I like this job a lot more than my last job. The pay’s not as good, sure. The health insurance takes a while to kick in, and I have to pay for it, sure. Rent’s much lower (ah, the joys of living with a parent who’s not interested in making money off you). But when I’m bored at work, I can do something about it.

Wow. Under 2 pages to give a general update. I must be leaving something out.

Oh! Mom and I took the rail runner to santa fe one day a couple weeks ago. I nearly bought a $70 pair of flip flops. They looked nice and sturdy. But the store doesn’t do wide width. Ah, well. their loss is my wallet’s safety, I suppose. Our day trip vacation was dampened a bit by a movie crew filming some movie in santa fe plaza. We couldn’t go just anywhere. But we still had a mostly good day. On the way back, sitting on the train, the light was failing a bit early. It was hazy for some reason. Driving back home from the train station, we couldn’t make out any details on the sandias until nearly tramway. We wondered where the fire was. It was grey, not tan, so it wasn’t a sand storm; it was a fire. Apparently, this fire is about 240 miles away. I can’t imagine how much smoke there is closer.

But then, the winds have yet to die down this year.
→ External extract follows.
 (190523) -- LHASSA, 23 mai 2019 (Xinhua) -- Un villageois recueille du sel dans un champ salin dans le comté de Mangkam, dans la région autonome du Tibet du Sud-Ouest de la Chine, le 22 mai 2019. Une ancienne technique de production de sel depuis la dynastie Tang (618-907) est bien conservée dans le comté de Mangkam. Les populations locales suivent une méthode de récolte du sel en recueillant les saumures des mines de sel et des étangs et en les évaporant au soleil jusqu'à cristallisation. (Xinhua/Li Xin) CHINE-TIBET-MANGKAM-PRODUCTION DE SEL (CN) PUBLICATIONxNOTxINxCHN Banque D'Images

This windy this late in the year is quite unusual for these parts. The winds are helping the fires and hindering the firefighters. The winds are blowing the rain away, too. plus, it’s a little hotter than usual for this time of year, which also hurts the firefighters. But the wind itself and the utter dryness we’ve got right now are the big things the firefighters don’t want.
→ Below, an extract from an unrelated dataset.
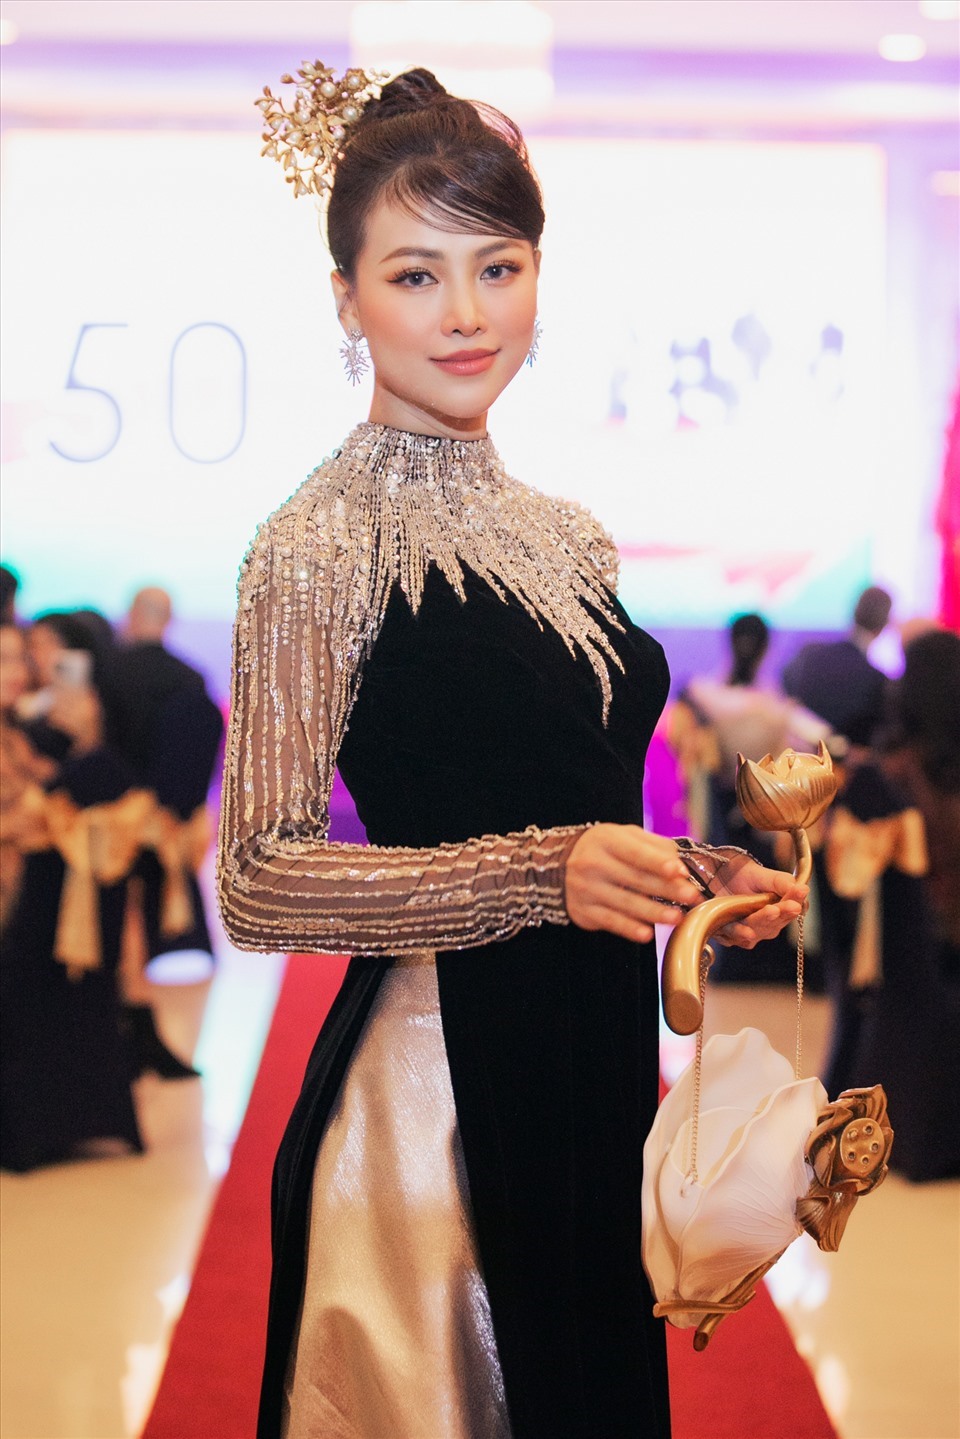 Với tinh thần quảng bá và tôn vinh các giá trị văn hóa truyền thống của áo dài Việt, NTK Hoàng Hải đã khắc họa hình ảnh của hoa sen, chim phượng,... Đặc biệt, với các phụ kiện đặc trưng như trâm cài, mấn đội đầu đặc trưng cho nét đẹp truyền thống cũng được anh ưu tiên chọn lựa.

I’m usually quite patient with whatever the weather decides to do. after all, aside from prayer, what can I do to change the weather? But I’m tired of all this wind. I’m tired of this 2% humidity. The only thing I wanna see that 2% tagged onto is fat content in my milk. (actually, I like whole milk, so I don’t even like seeing 2% there.) I miss humidity. I miss rain. I miss breathing clear, fresh air. I don’t miss the occasional breath of farm fresh air. I don’t miss not being able to read. I don’t miss not being able to communicate with the people around me.

Oh! That reminds me of something that happened at work. One of my bilingual Hispanic coworkers was asked (in English) to do something. His response: no speako ingles.
We all laughed. He’s apparently trilingual: English, Spanish, and spanglish.

And with that, I’ll leave y’all, my devoted readers, to return to your regularly scheduled lives.